Meta Hub gives agents definitions; Knowledge Hub gives them content. Definitions without content is empty reasoning; content without definitions is inconsistent reasoning. Agents need both, and Boomi now sells both.
Localized infrastructure: agents where the data lives
The pillar an EMEA room should care about most. The Distributed Agent Runtime, now GA, lets you deploy agents and host LLMs and small language models on premises, in a private cloud, or hybrid, with reasoning behind the firewall. Scope it carefully: that GA runs through the Red Hat collaboration (OpenShift, a Kubernetes-native runtime, Boomi’s model router) and Couchbase (persistent agent memory), so a customer without that stack doesn’t get the story exactly as staged. Agentstudio Multi-Region Instances, also GA, pin runtime execution to clouds in the US, UK, Japan, and Australia while metadata stays in your platform region, North America or Europe. For a UK or EU enterprise that keeps execution and data in-region, turning “AI is blocked by compliance” into something you can deploy.
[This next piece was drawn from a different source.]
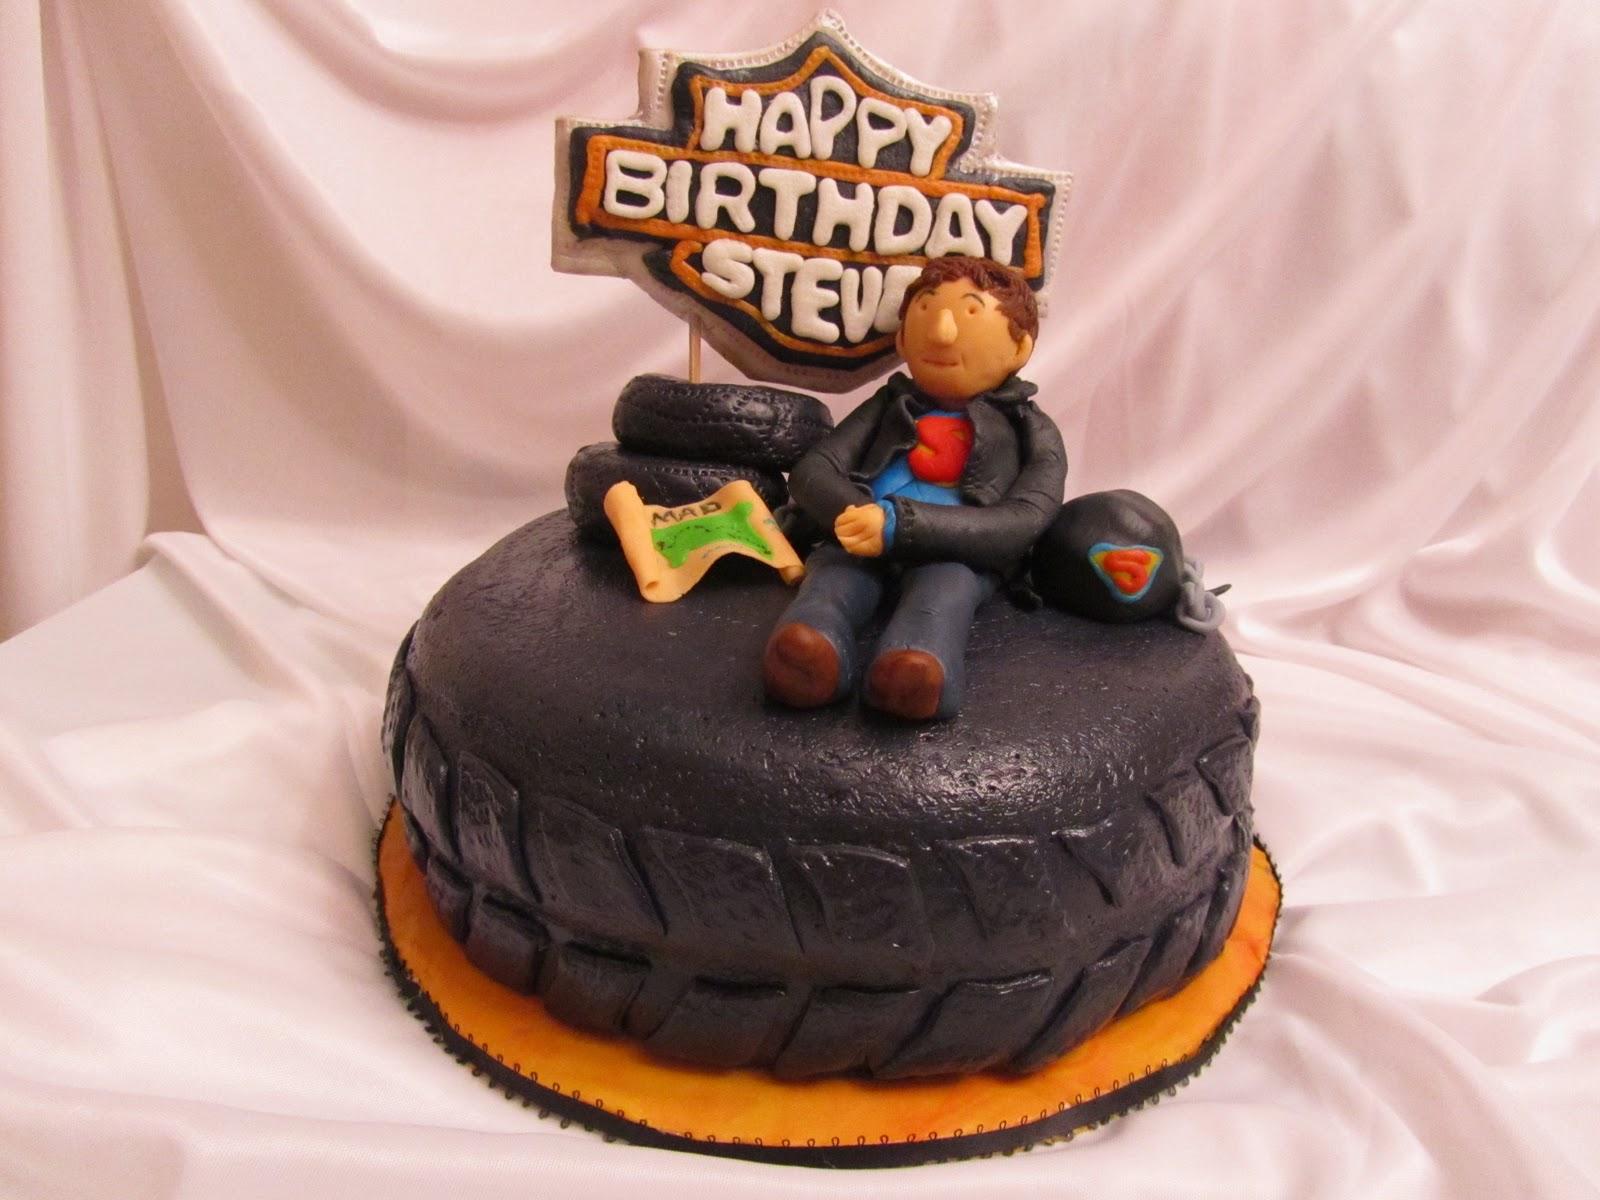 Divine Delicacies Superman And Harley Davidson Cake

The proof points, read straight
Boomi was named a Pioneer in the inaugural June 2026 Gartner Emerging Market Quadrant for No-Code Agent Builders. Read it for what it is: an emerging-market quadrant exists because the category isn’t established yet, so leading it signals momentum, not maturity. The credential with weight is the one that answers this article’s title, a twelve-time iPaaS Magic Quadrant Leader, backed by a sixth-year Nucleus lead. The more useful number is adoption: Boomi says customers have pushed more than 90,000 enterprise agents into production. Its customer awards (HNL Lab Medicine, IMAX, and J.D. Power globally; Abudawood Group in EMEA for SAP data) are adoption signals, though light on independently verifiable outcomes.
What this means for your business
Strip it to decisions. Reaching enterprise systems through ad hoc code today? Connect plus the MCP Registry is the governed, auditable alternative you can deploy now. Residency or sovereignty constraints, which for UK and EU buyers is most of you? Multi-Region and the Distributed Agent Runtime move you from “compliance blocks AI” to “AI runs where the rules require.” Integration backlog the bottleneck? Companion changes the math this quarter. Pilots that never reach production? The whole release aims at that gap.
The buying signal, simply: Connect, MCP Registry, Agentstudio APIs, DataDetective, Companion, Distributed Agent Runtime, and Multi-Region are GA today; Orchestrate, Knowledge Hub, and Meta Hub need early-access sign-up; Agent SIM is Labs-only. Verified against Boomi’s product pages and release notes as of June 2026.
Our position is straightforward. We’re aligned with where Boomi is taking the platform because it matches where enterprise AI has to go: governed, grounded, and running where the data lives. The value we add sits in the gap between a launch keynote and a production system: which capabilities are GA and safe to commit, which are early access worth piloting, and how to sequence them into a roadmap that ships instead of a POC that stalls.
Boomi didn’t announce a feature this year. It announced a layer. The test from here is the only one that matters: execution. Enterprises don’t need more demos. They need software that survives real data, real permissions, and a real audit, and a partner who will tell them which parts are ready today.